A few years later Aviva, now 13 years old, goes with her parents to visit family friends at a lake home. There she has a sexual misadventure with Judah, the family's son. By the time she gets back to the city, she is pregnant and insistent on keeping the child. She agrees to have an abortion, but unbeknowst to her, there was a tear in the uterus and the doctor gave her a hysterectomy. This is the beginning of the adventures of Aviva played by eight actors (two women, five girls and one boy).

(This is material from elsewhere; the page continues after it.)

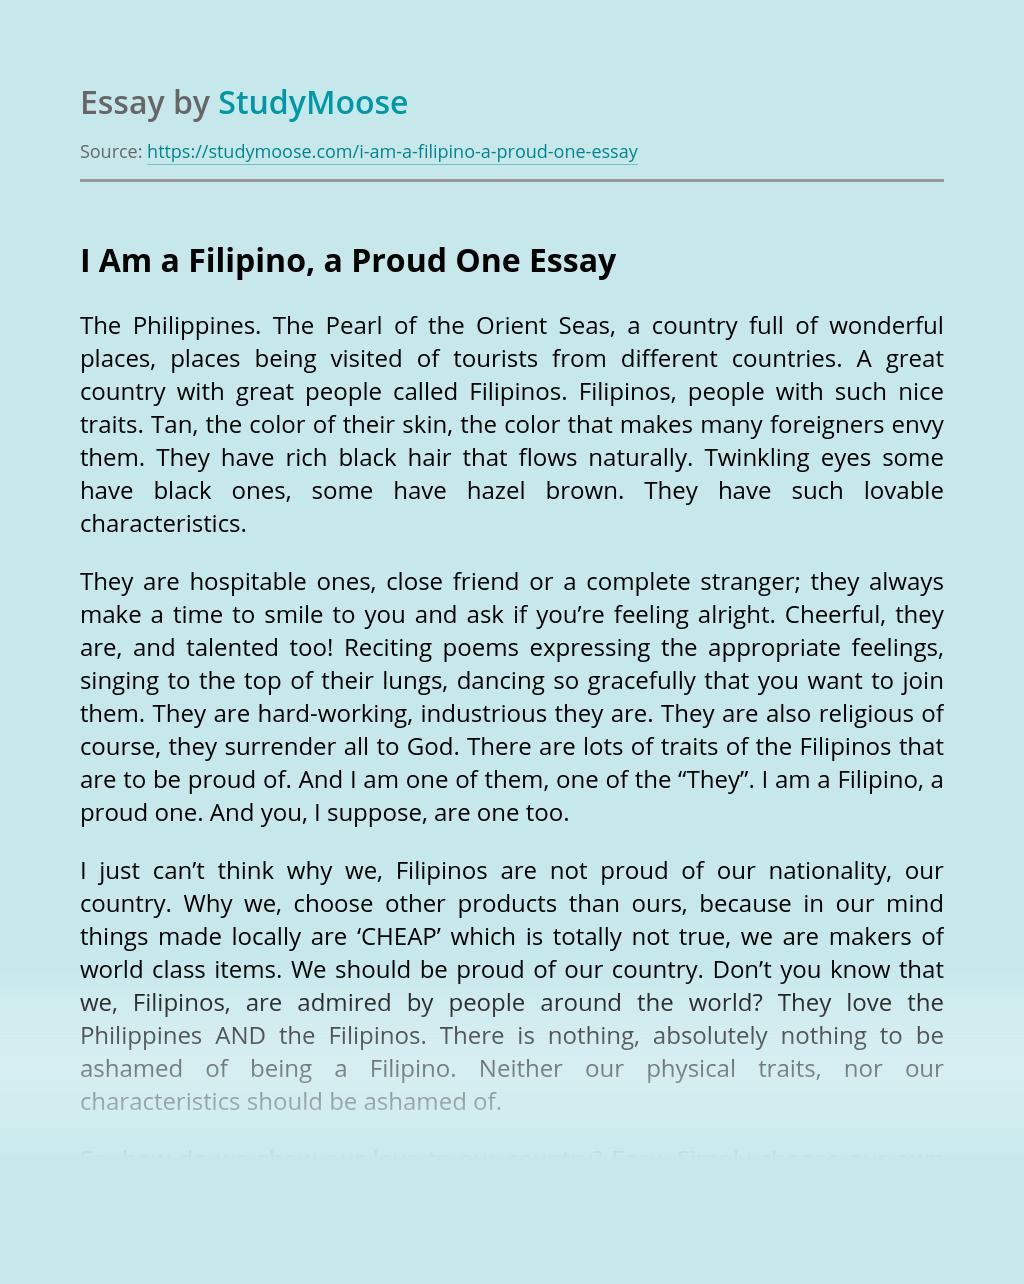 I Am a Filipino, a Proud One
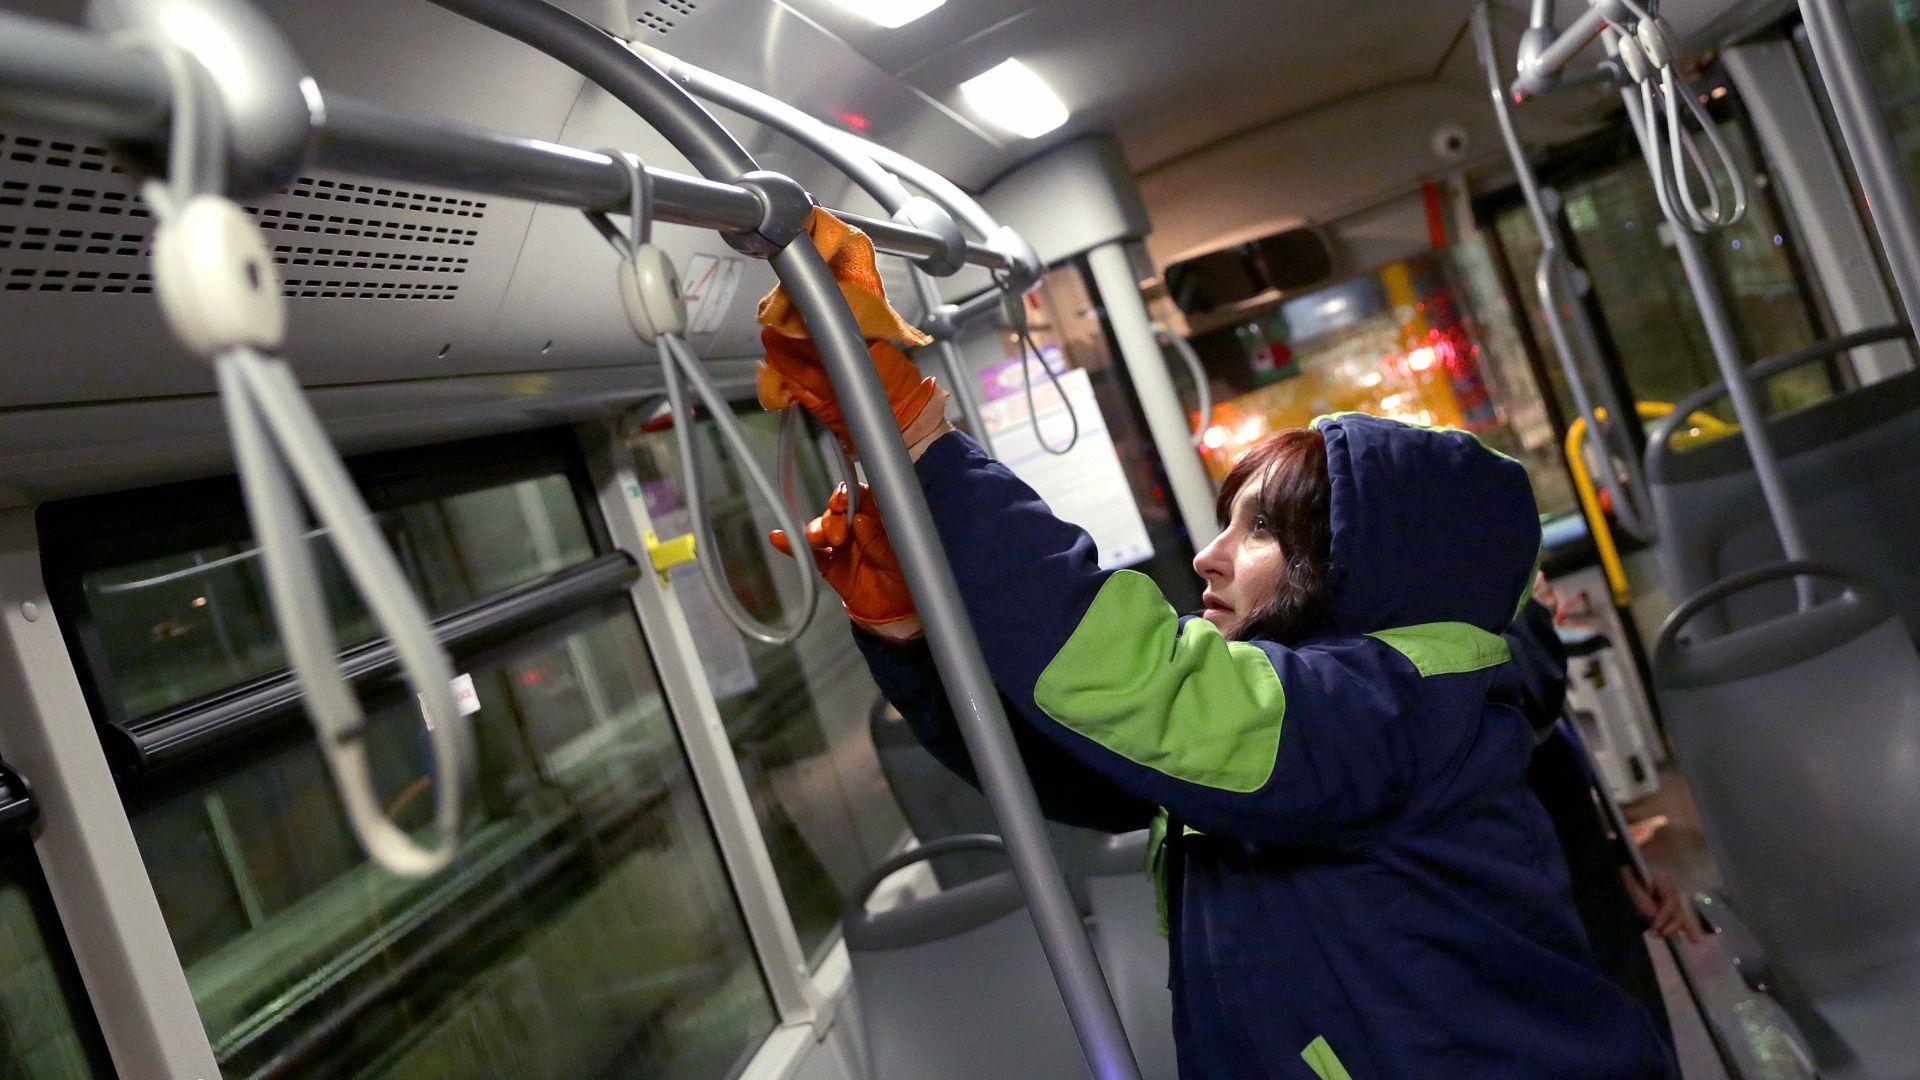 Градският транспорт в Пловдив остава да се движат по приетото разписание

Solondz does a great job of showing the banality of suburban living and the discontent of tweens and teens that inhabit this landscape. With Palindromes his primary purpose is to challenge the concept of the audience's investment in a character, versus the investment in the actor playing the character. It's an interesting concept, but I'm not sure Solondz succeeds.
Could the audience stay invested in the trials and tribulations of an Aviva that (physically) changed from scene to scene in the same film? It was difficult. The characters played Aviva differently, markedly differently, but perhaps unintentionally so. (It may have been more interesting if the actors invested in practicing overtly similiar mannerisms.) Also the secondary characters Joe/Earl/Bob (played by Stephen Adly Guirgis who is sexually involved with Aviva) and Aviva's mom (Ellen Barkin) seemd to treat the various Avivas differently.
Mark Weiner, played once again by Matthew Faber from Welcome to the Dollhouse, was one of the most sympathetic and well-constructed characters. The character acts as a prophet who has no control of what is to be, he is the modern Cassandra. He lets Aviva understand the nature of her palindrome and the "Dawn Weiner-esque" cycle she is stuck in. He is also given the task of verbalizing why Aviva has unwittingly chosen the path she has trodden. Weiner functions as a reveal to the audience, but there is uncertainty whether Aviva understands (or believes or will take heed of) his words.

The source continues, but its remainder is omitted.